▸ Recorded information
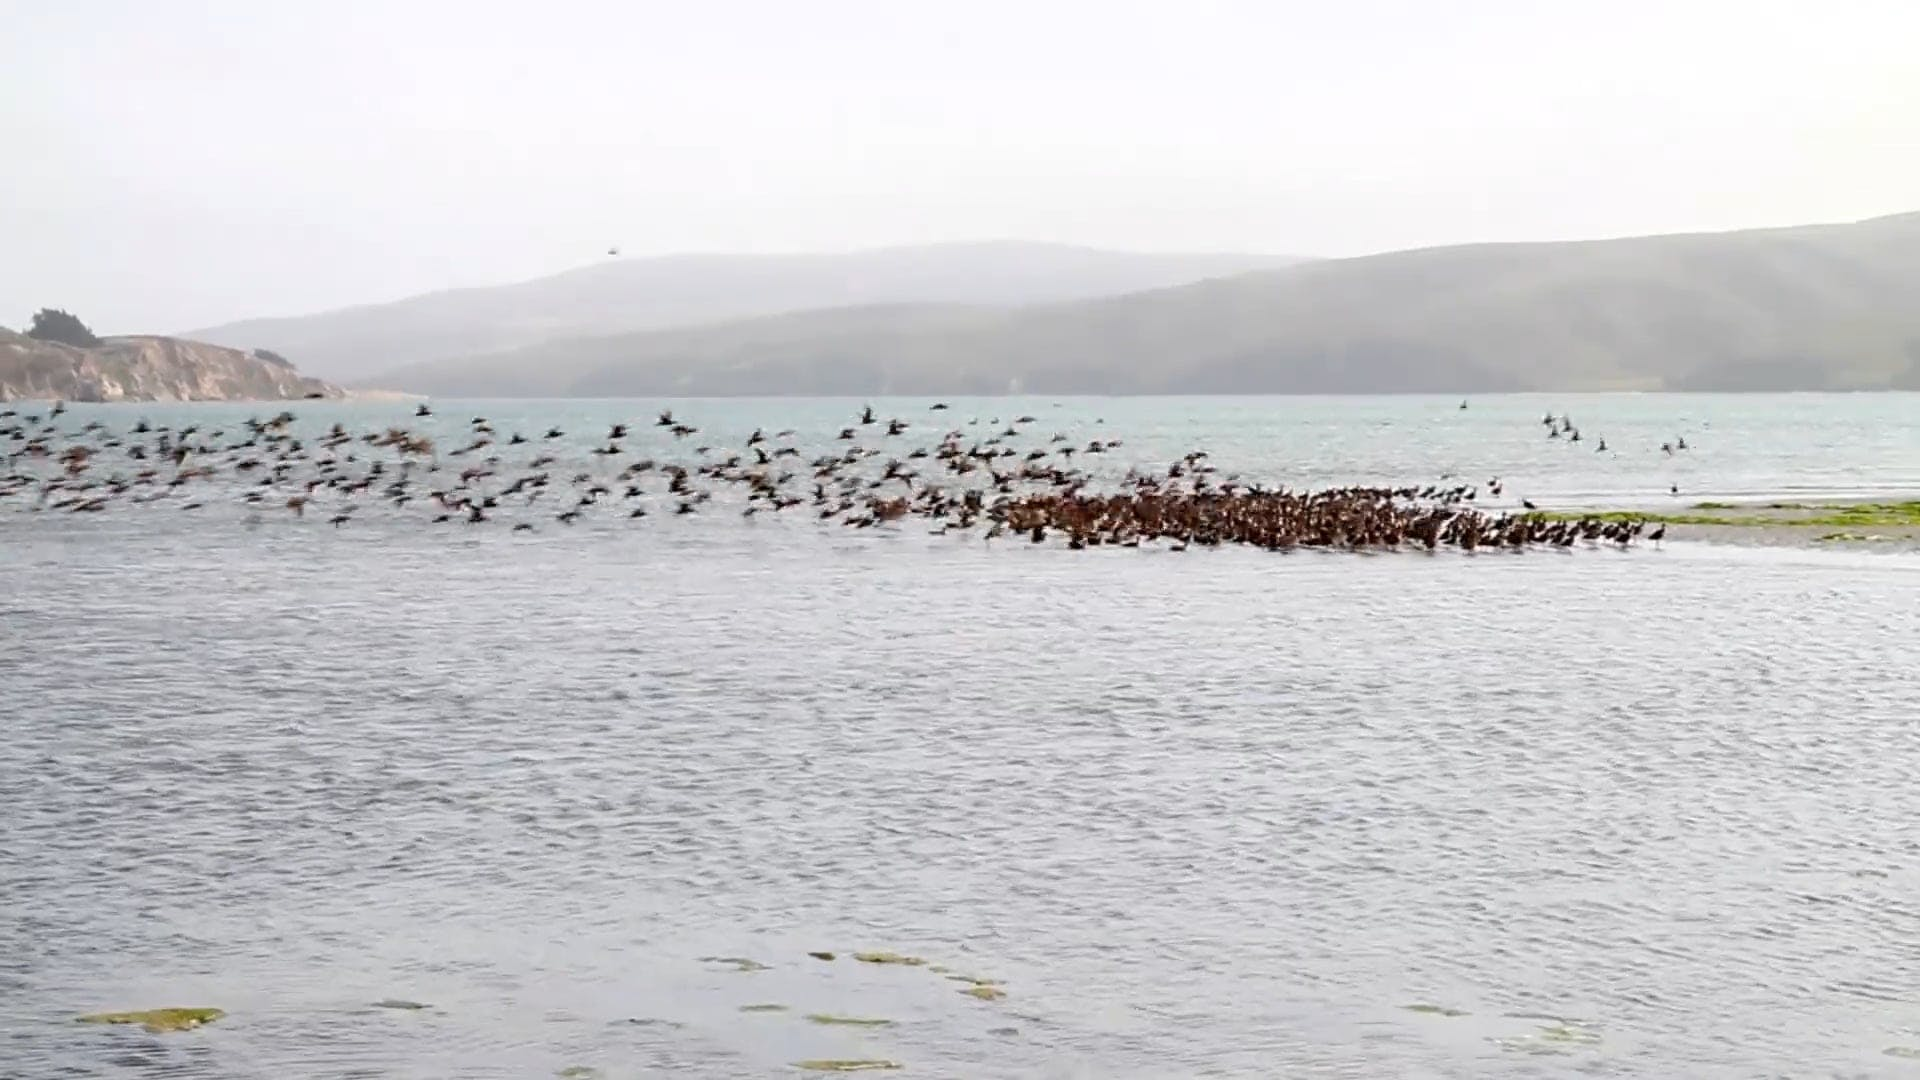 Flock of Birds in the Sea
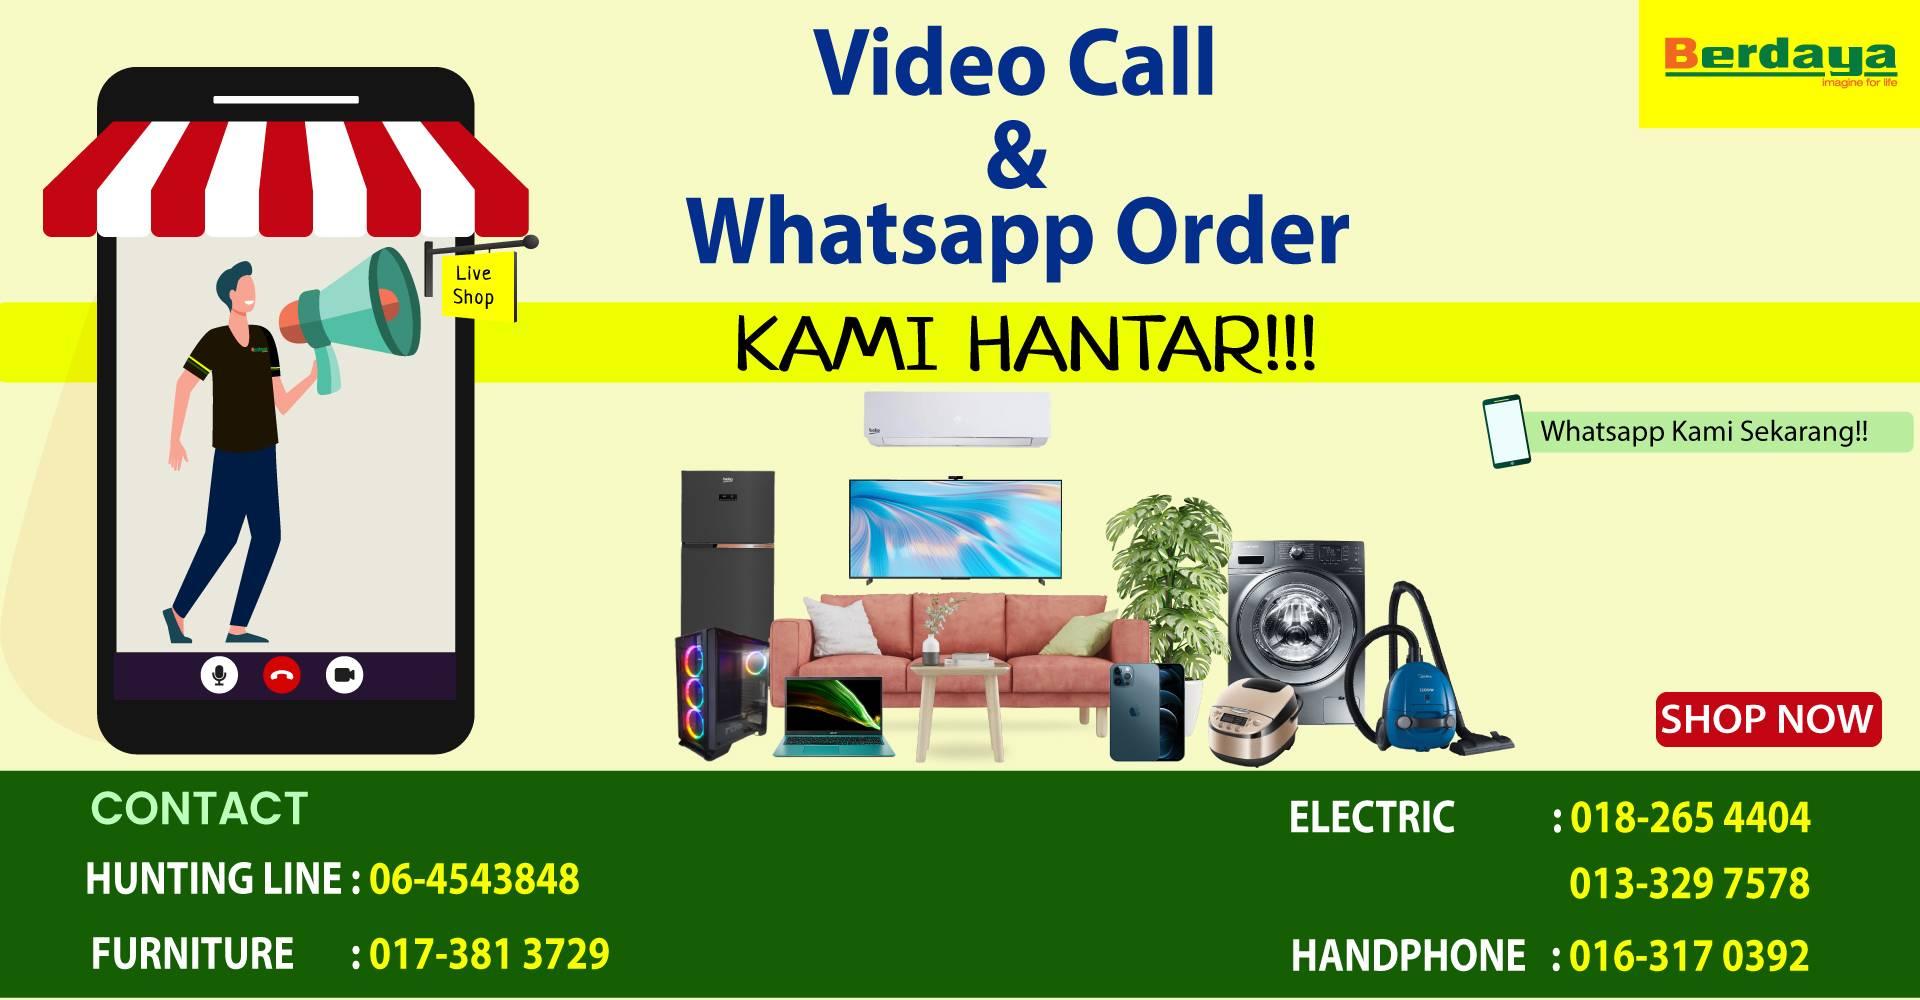 Video Call & WhatsApp Order
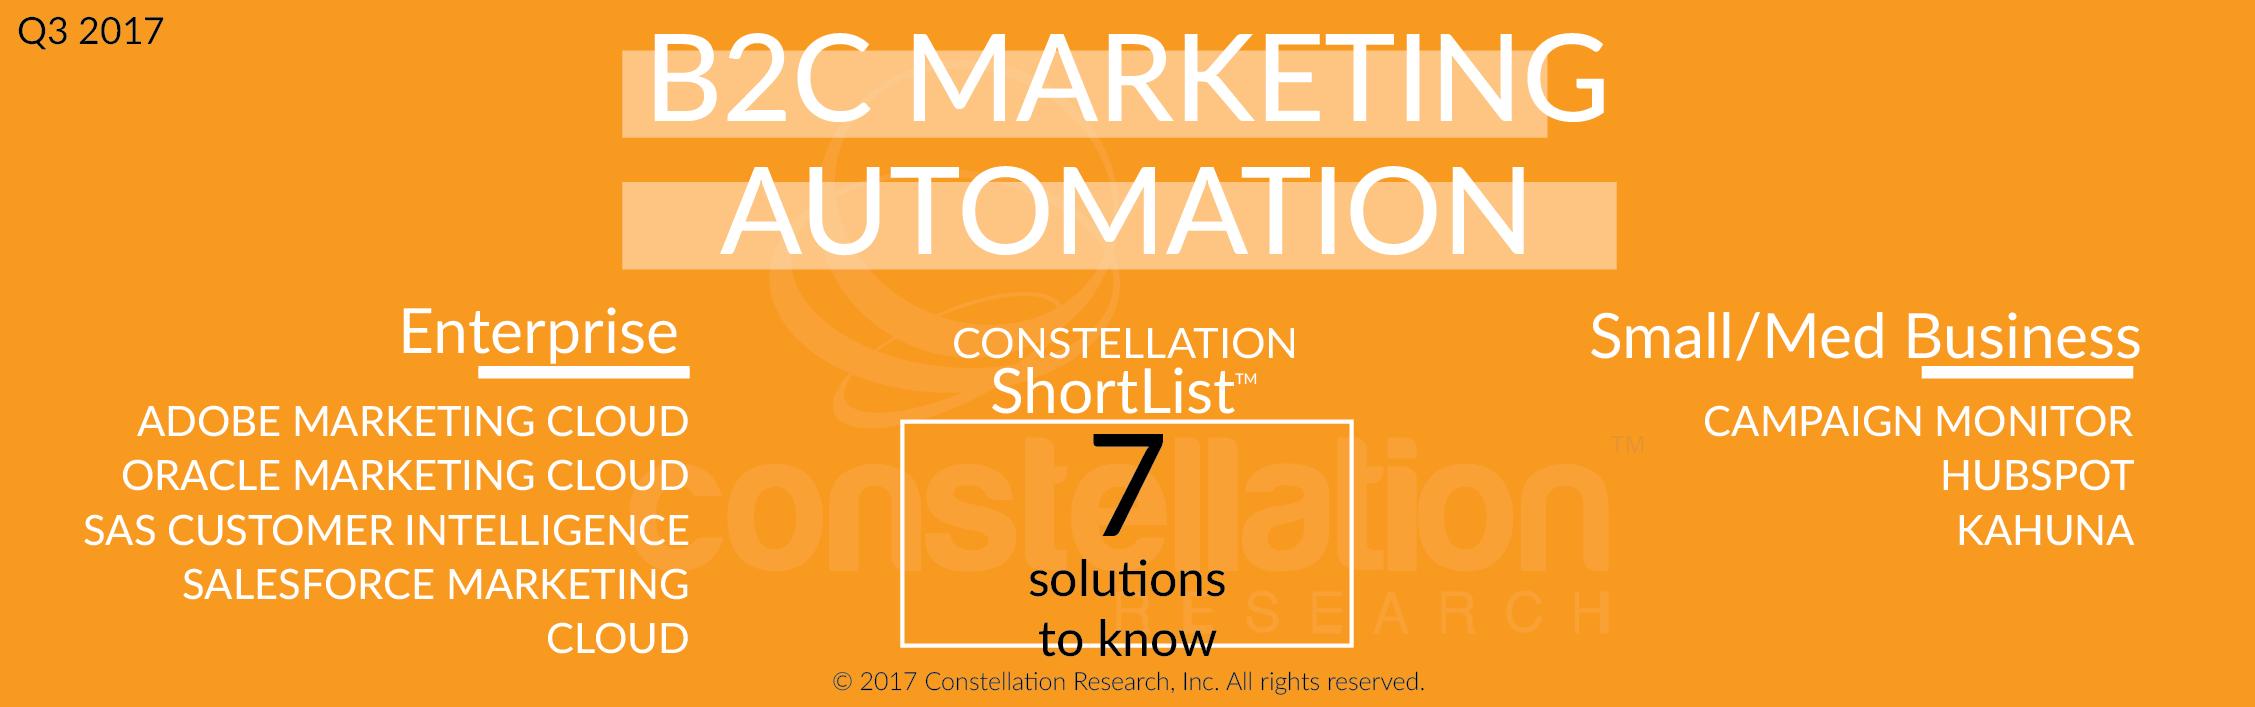 Constellation ShortList B2C Marketing Automation
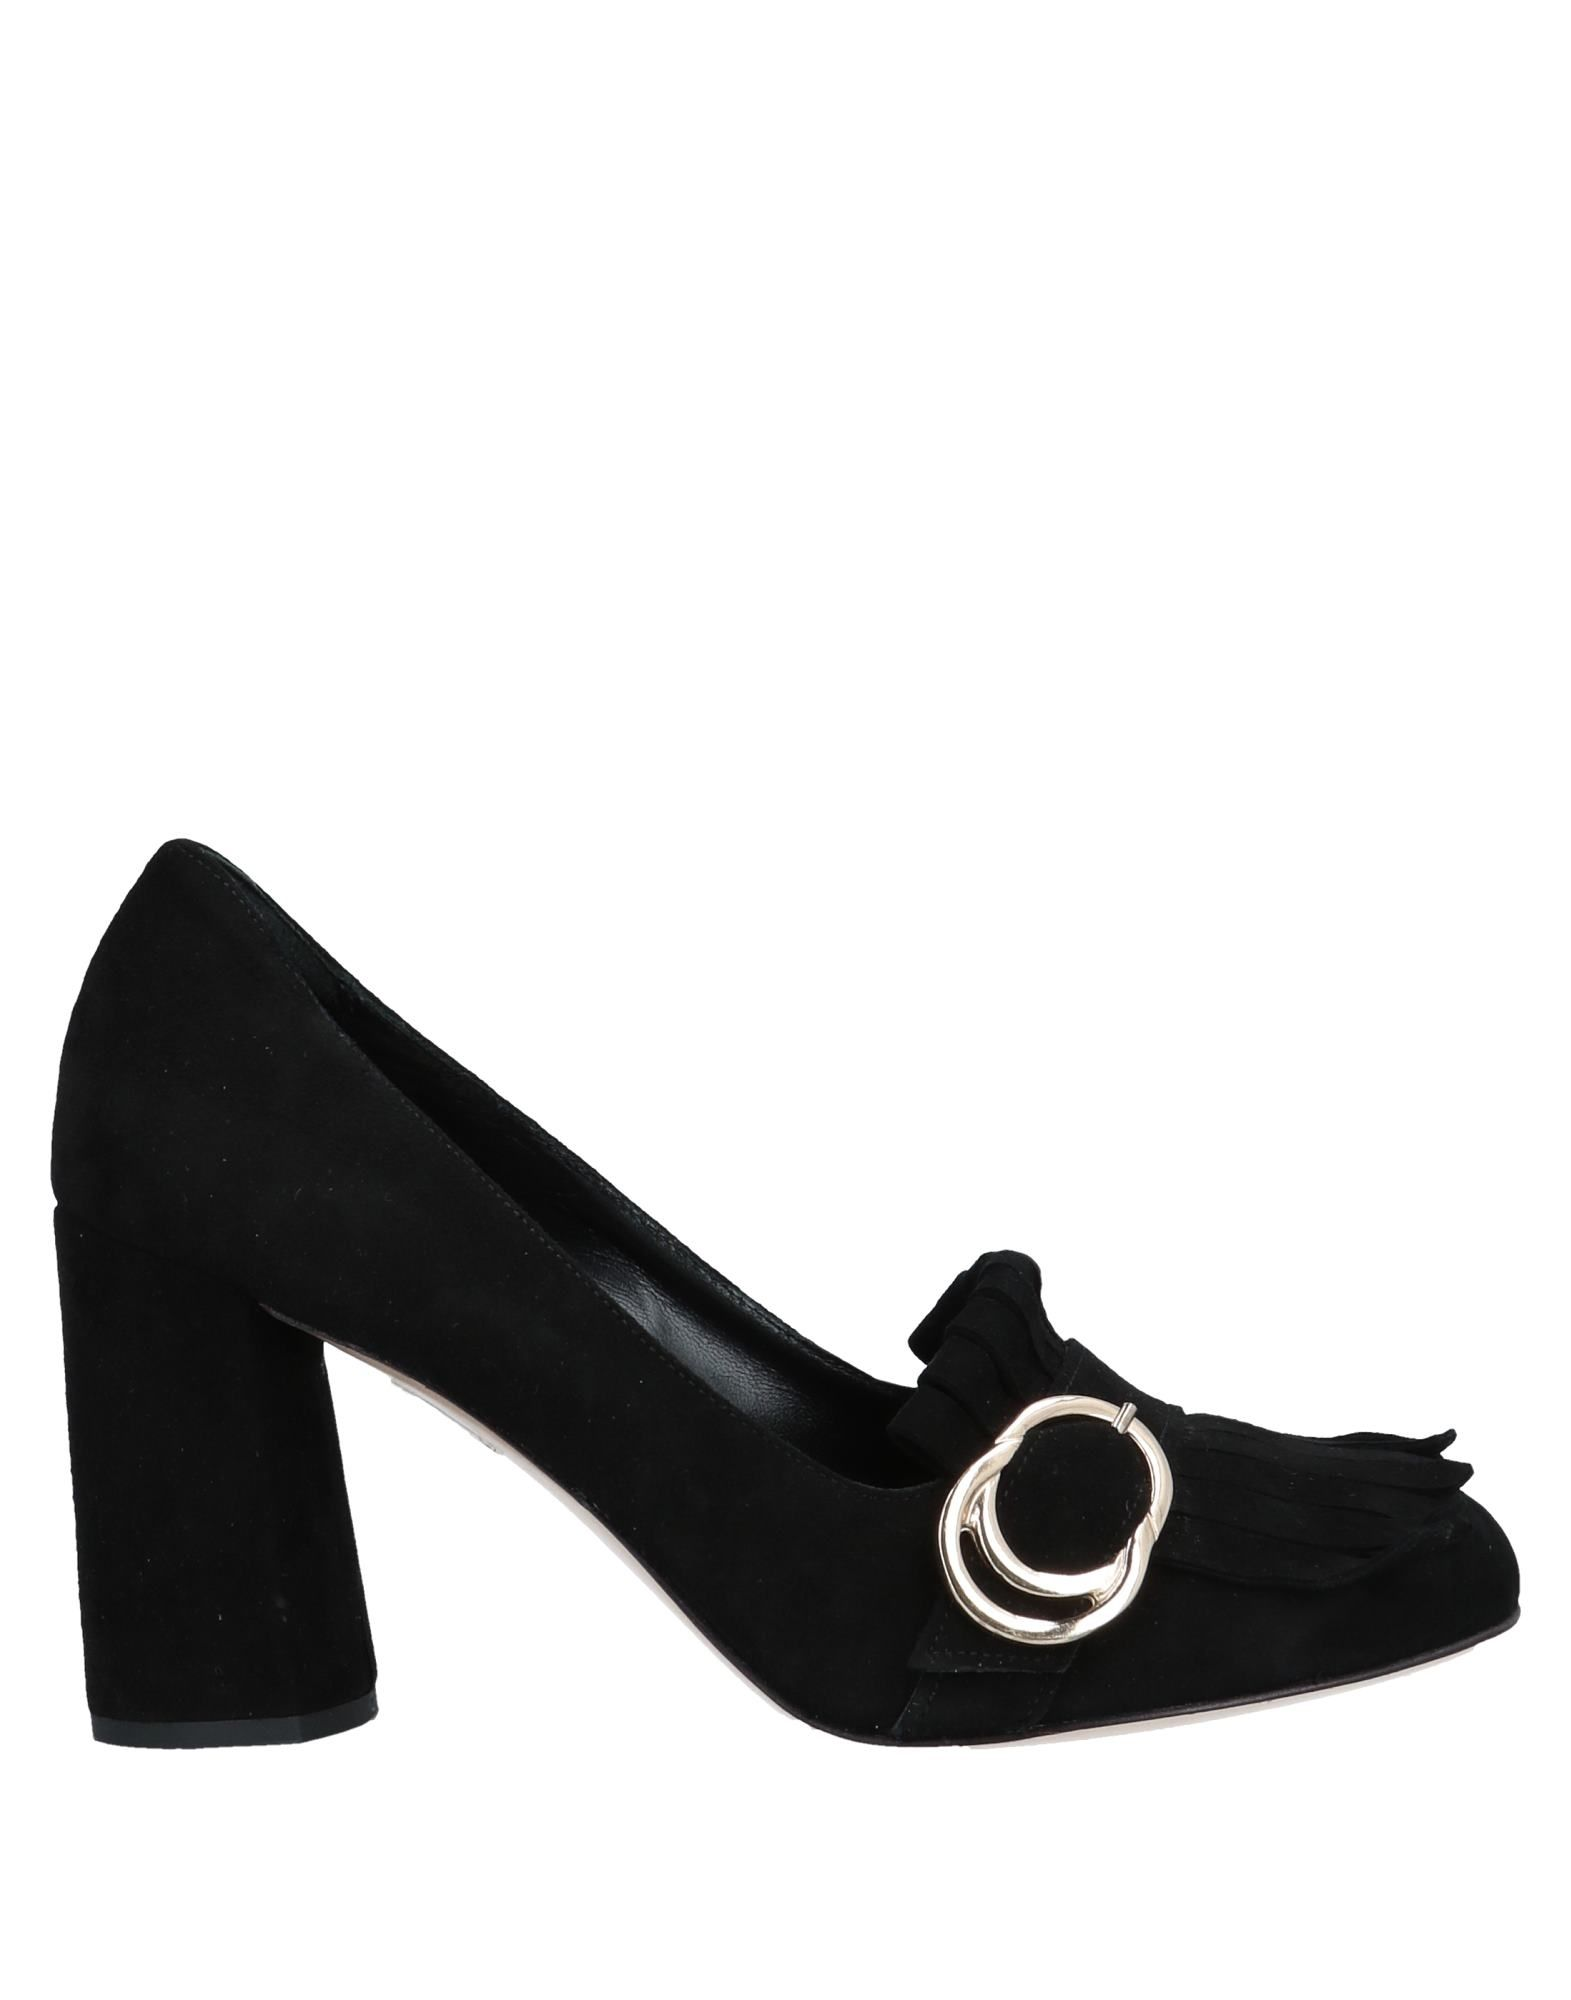 Lea 11559373AT Gute Qualität beliebte Schuhe

▸ What is being asked
Restate the data above verbatim, skipping every image.

▸ Written response
 Flock of Birds in the Sea
 Video Call & WhatsApp Order
 Constellation ShortList B2C Marketing Automation
 Lea 11559373AT Gute Qualität beliebte Schuhe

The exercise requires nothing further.